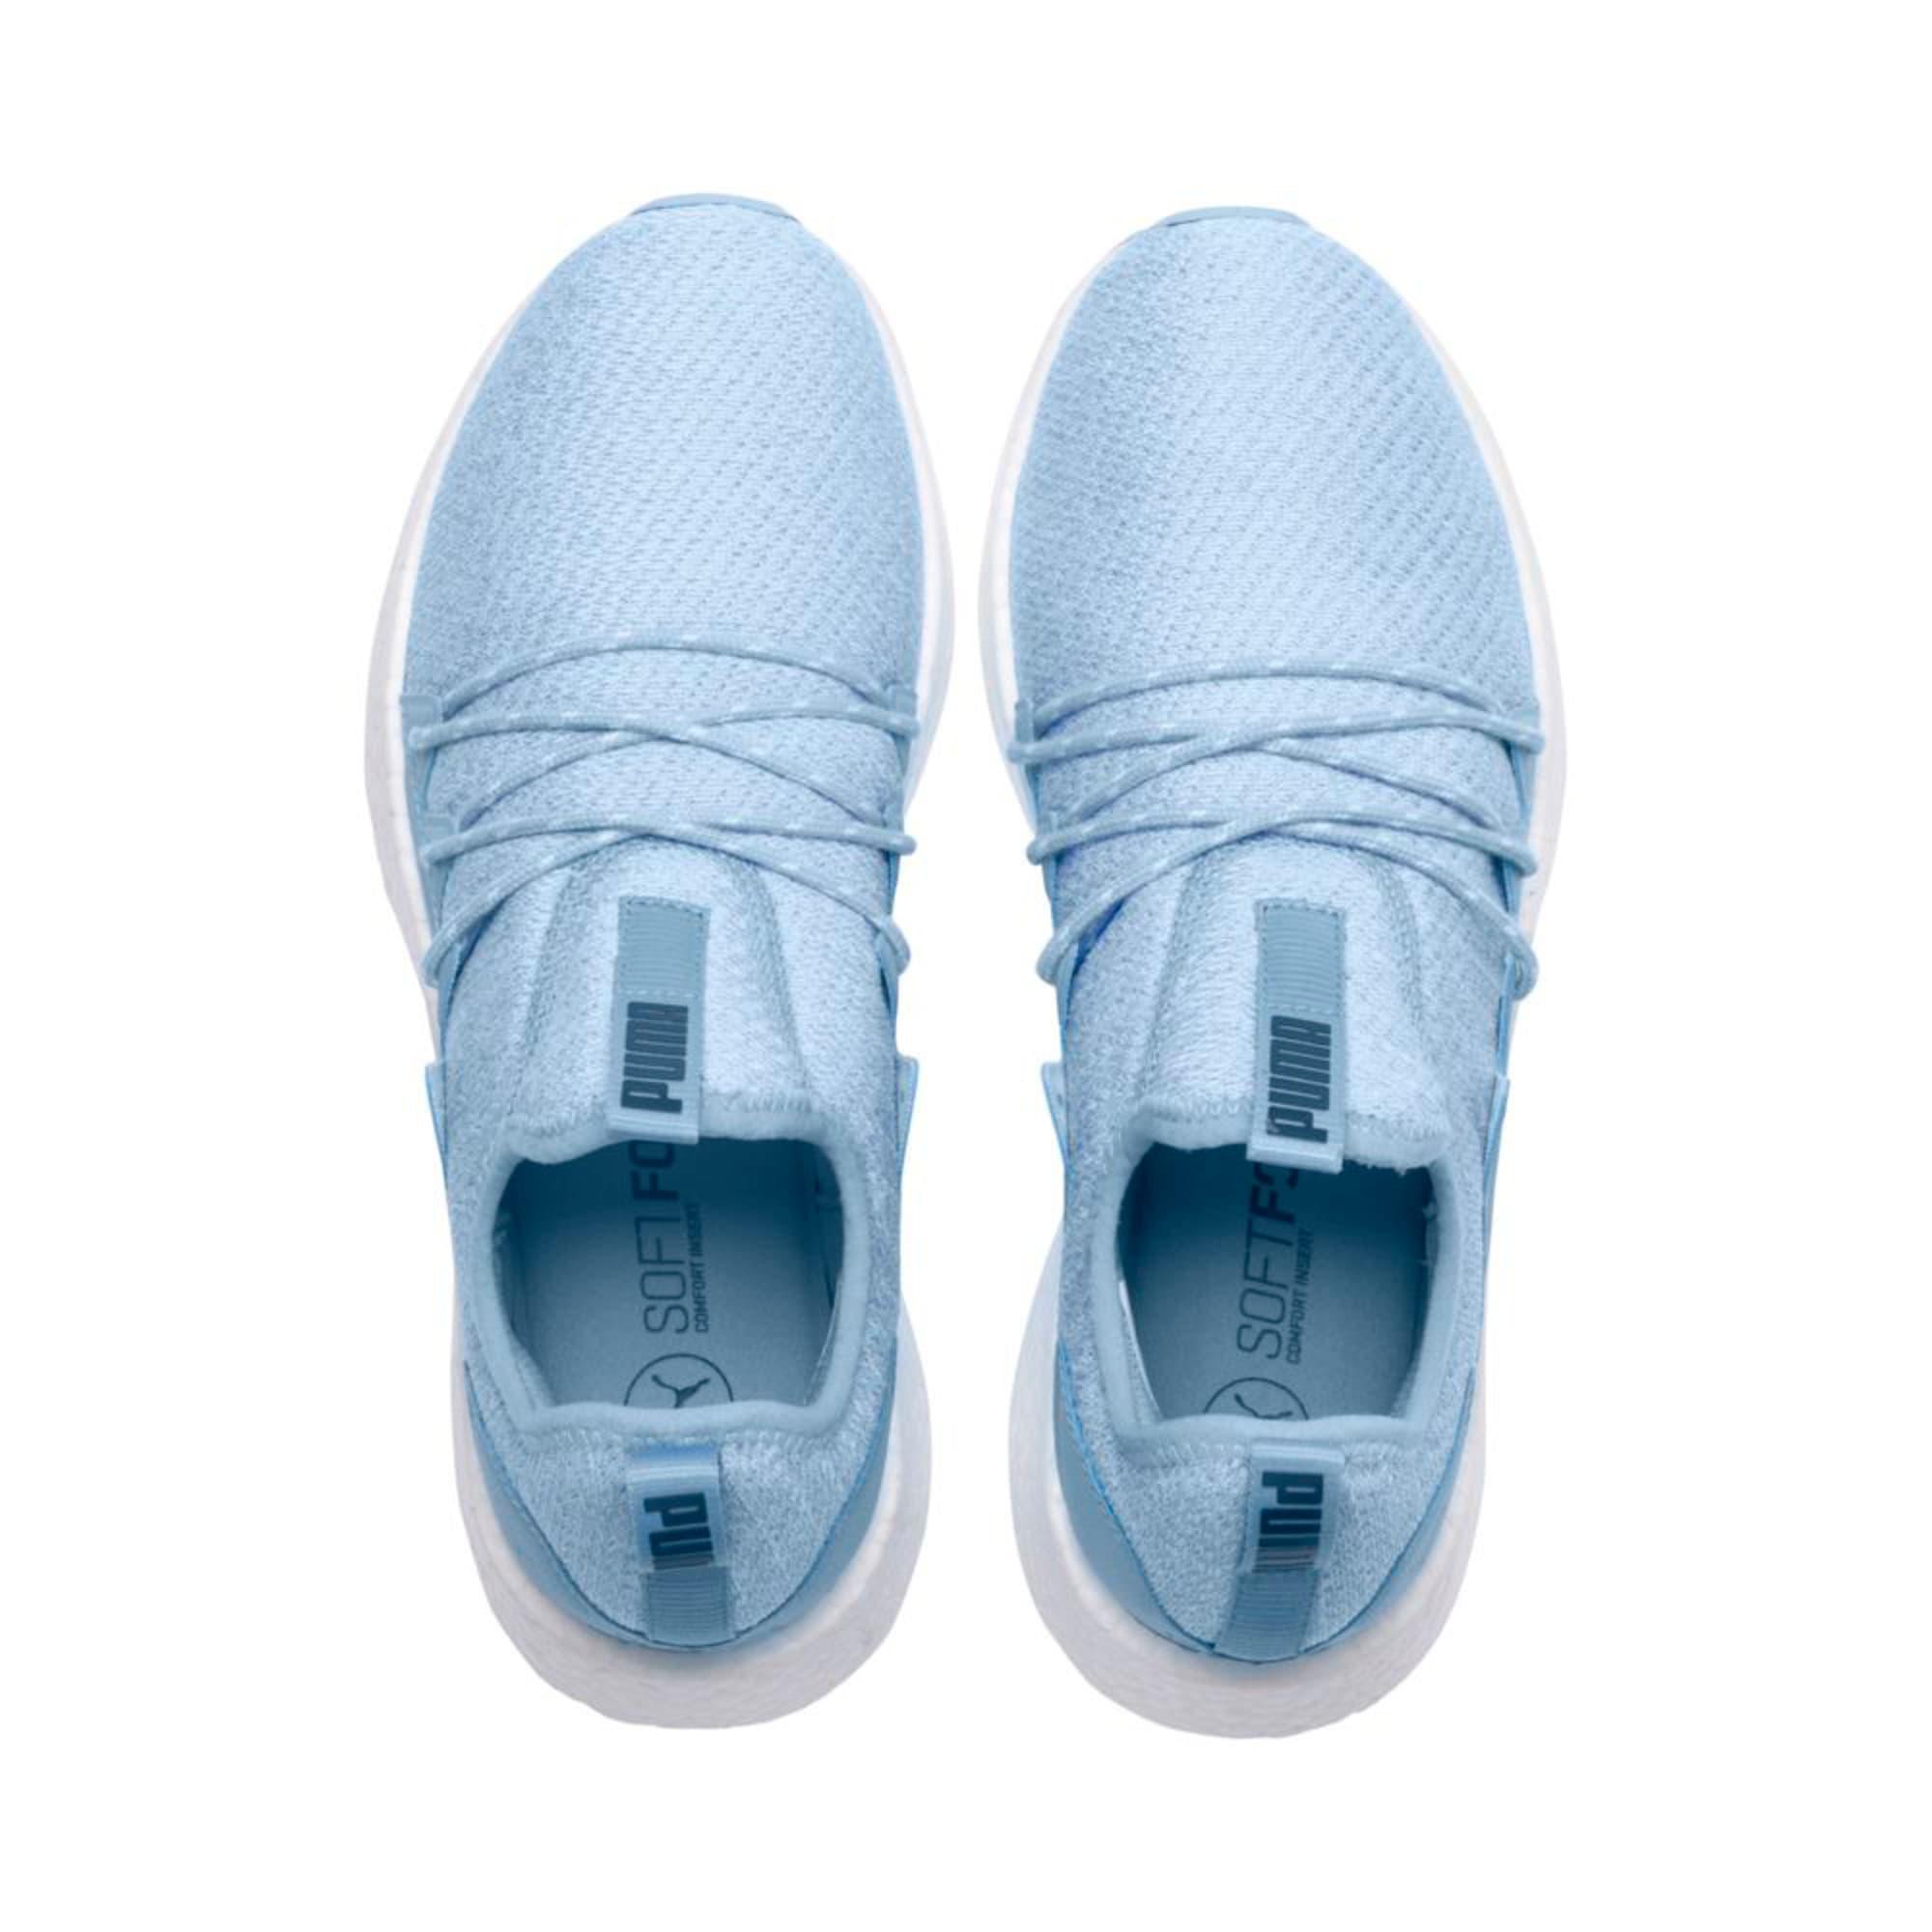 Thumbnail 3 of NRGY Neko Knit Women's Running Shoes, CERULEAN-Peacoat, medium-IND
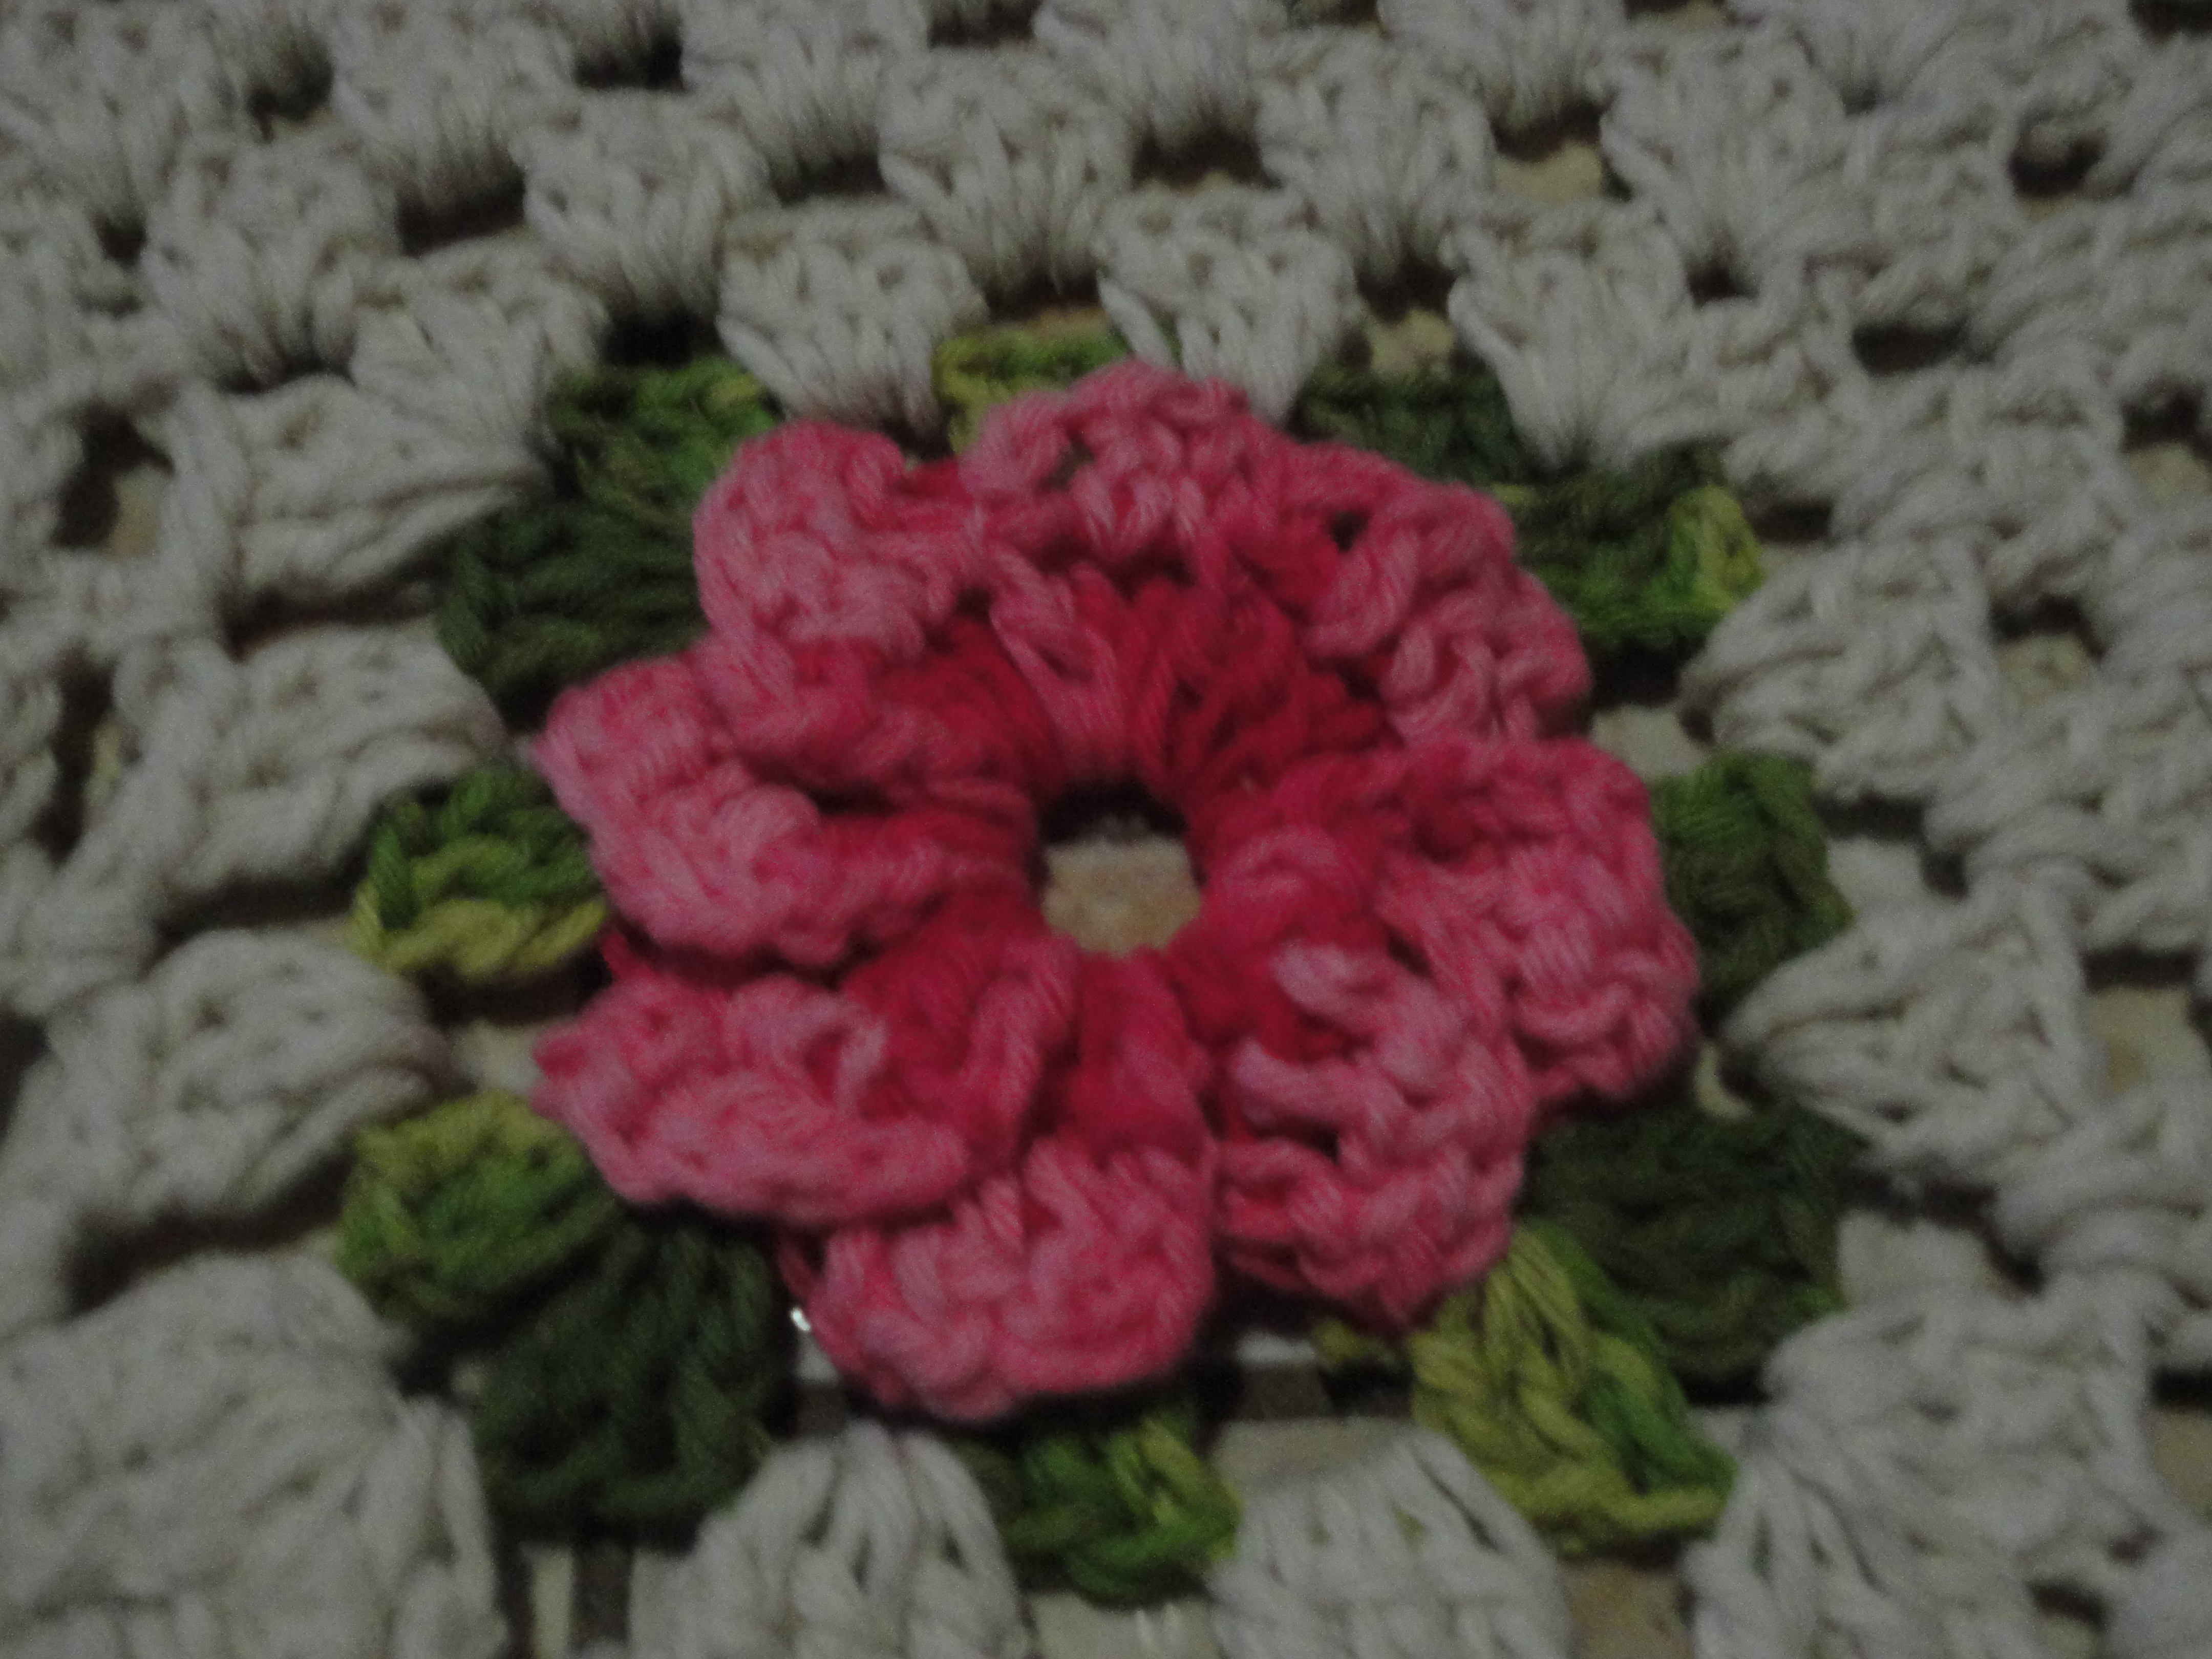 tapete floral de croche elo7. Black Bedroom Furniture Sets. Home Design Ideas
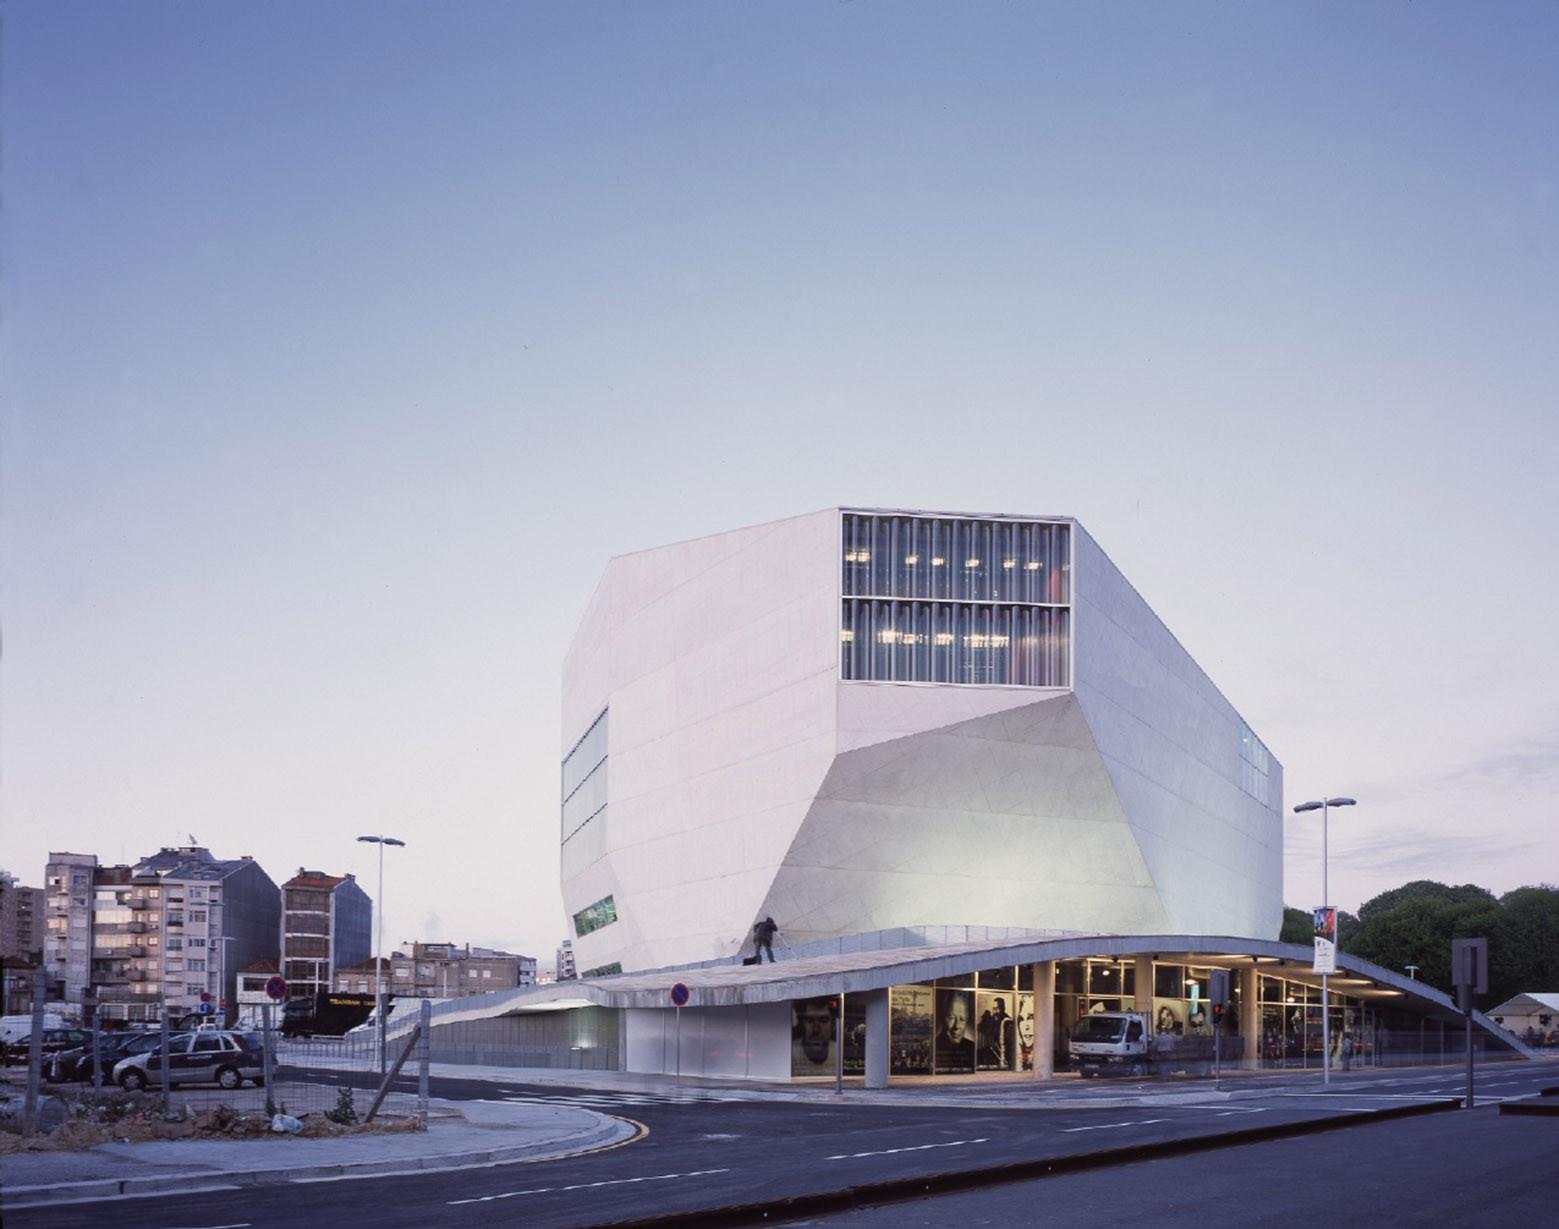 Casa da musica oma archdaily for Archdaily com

• • • • • • •

_WORK TASK_:
Skipping any images, write out all the data exactly.

_SOLUTION BELOW_:
 Thumbnail 3 of NRGY Neko Knit Women's Running Shoes, CERULEAN-Peacoat, medium-IND
 tapete floral de croche elo7. Black Bedroom Furniture Sets. Home Design Ideas
 Casa da musica oma archdaily for Archdaily com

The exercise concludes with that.